If you are a published writer, no matter how crappy you are, people will automatically assume that you know Faulkner by heart. Even if you specialize in YA novels, you will be expected to have intelligent opinions on Proust and Joyce. Of course all writers are supposed to be able to quote at least a few lines from each of Shakespeare’s plays. If you write fantasy, people will ask you not only on your take on J.R.R.Tolkien, C.S.Lewis and G.R.R.Martin, but your thoughts on Kant, Heidegger and Faucault. If you write science fiction, people will jump to discuss Thomas Pynchon and Kafka with you, unless they would rather talk about Einstein and Heisenberg (and not the Breaking Bad kind). In fact, if you cannot explain why Walter White called himself “Heisenberg” when his brother-in-law called him “Einstein”, you shouldn’t be writing science fiction at all. Having read all the works of Doyle, Sayers, Christie, James and Chandler will not make you a mystery writer, because anyone intending to talk to you as such will assume you can tell them about Machiavelli or Freud or Sartre and how he relates to your work.
How much background knowledge do you expect your doctor to have? Even if the doctor is a dermatologist, you would expect him to have at least some basic knowledge on brain tumors and heart attacks. If your cousin was a doctor, you would ask his opinion about the headaches you have been having lately even if he was an orthopedist, because doctors are supposed to know more about this stuff than lay people.
Writers are professionals on writing. You are supposed to know more about writing than lay people. You may not have yet digested Jung if you are a teenager just beginning to put your ideas on paper, but if you want to turn pro, eventually you will have to acquire an arsenal of knowledge befitting your profession.

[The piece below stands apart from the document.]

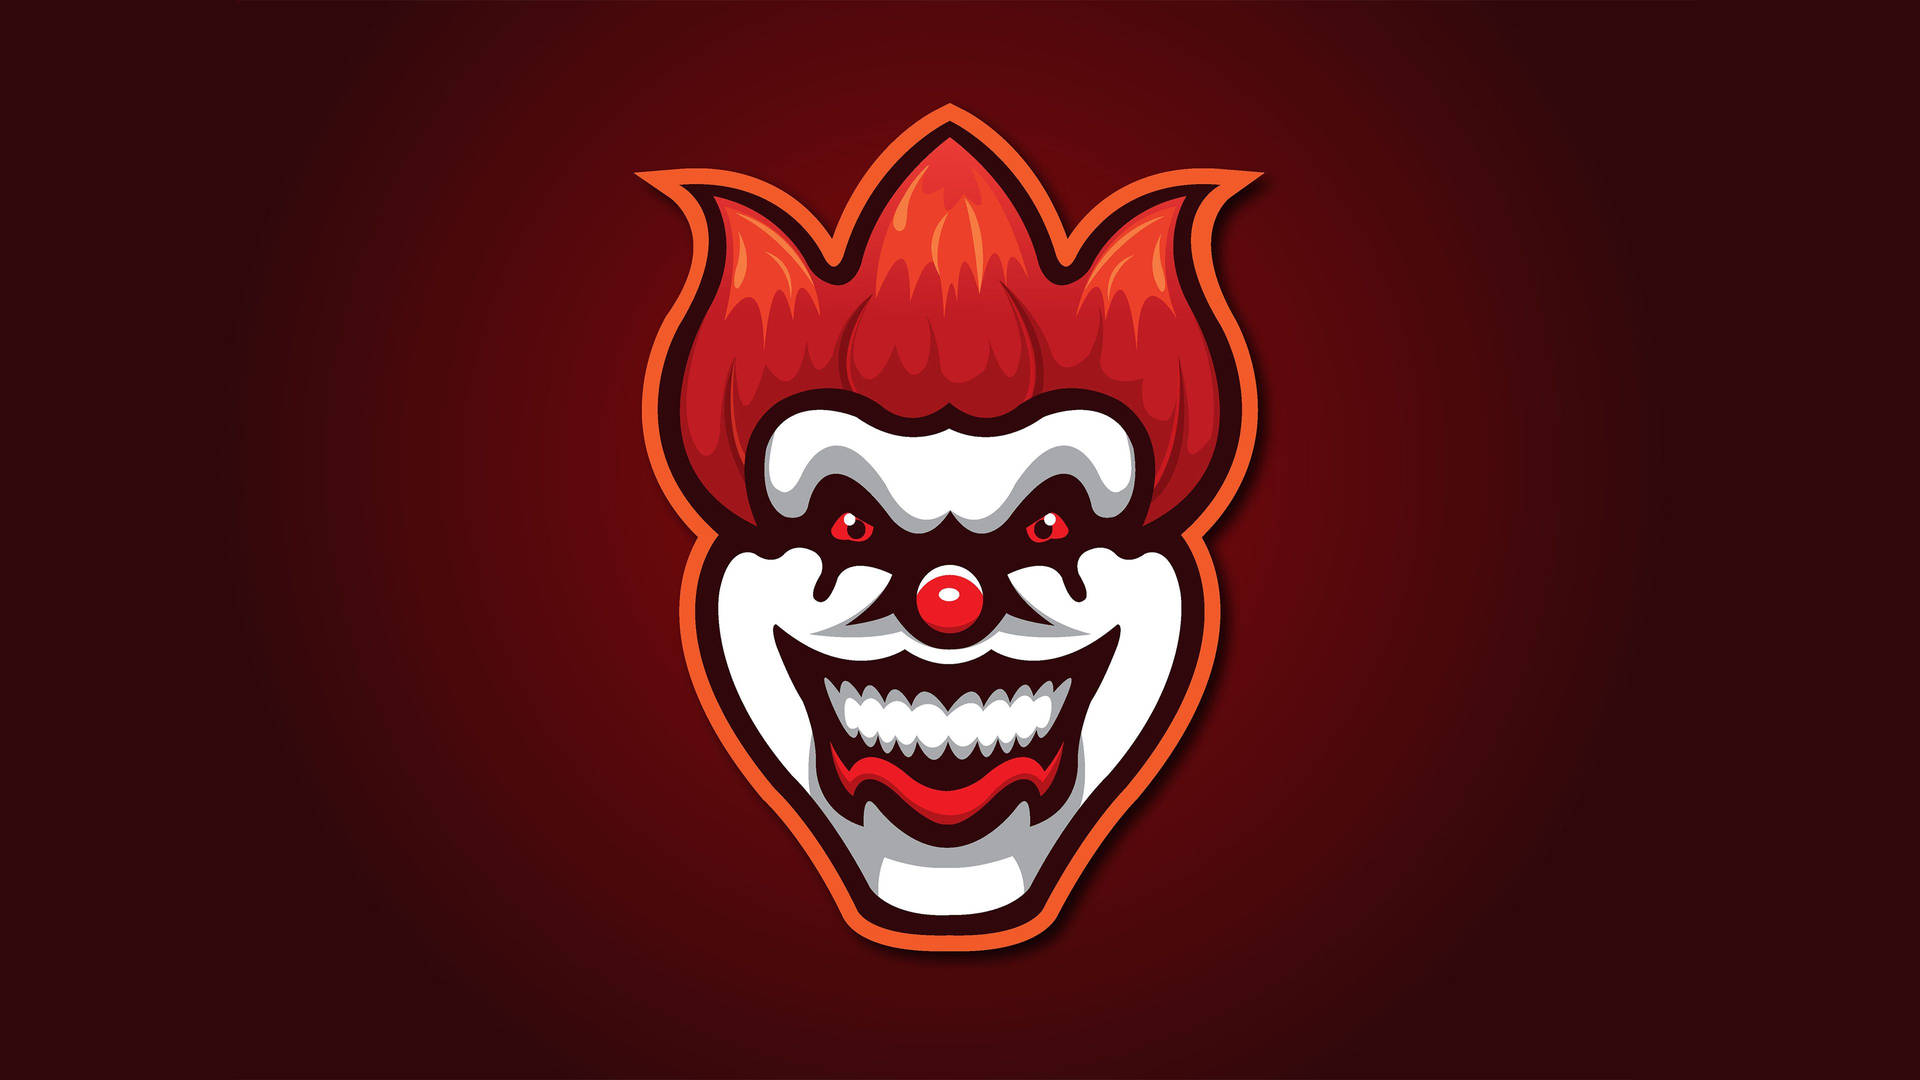 Smiling Clown Logo Wallpaper

Stephen King said that any writer must read a lot of books from a diverse range of categories, or you will not have the tools to write. But it is not just tools or raw materials. It is a professional body of knowledge that will separate you from the amateurs.
I have always had this inferiority complex about books. I keep feeling inadequate about the quantity and quality of my reading. I wish I could say that I read more. Much, much more. There are just so many books I haven’t read and I believe I must read. But I know that I will never get around to it.
A few years ago I built a house and moved out of the house I rented. I never considered myself a big reader or even a sufficient reader, so books were not a priority in the design of the house. In the house I rented, I kept the books in an assortment of old shelves, most of them cheap, old and in poor condition. I also used crates and cardboard boxes stacked on top of each other to serve as bookshelves. When I moved out of the old house, I thought I would just take the books to the used book store and be done with them. I would only keep a small fraction of the books I liked. It was only after I made five trips to the used bookstore, unloading five or six crates of books each time, that I realized it was not making a visible dent in the amount of books in the house. That was when I finally took a tape measure and measured how much shelf space there was in the house. I measured side to side the length of every shelf, crate and cardboard box that contained the books and added them up. It turned out that I had forty nine meters of shelf space in my small home.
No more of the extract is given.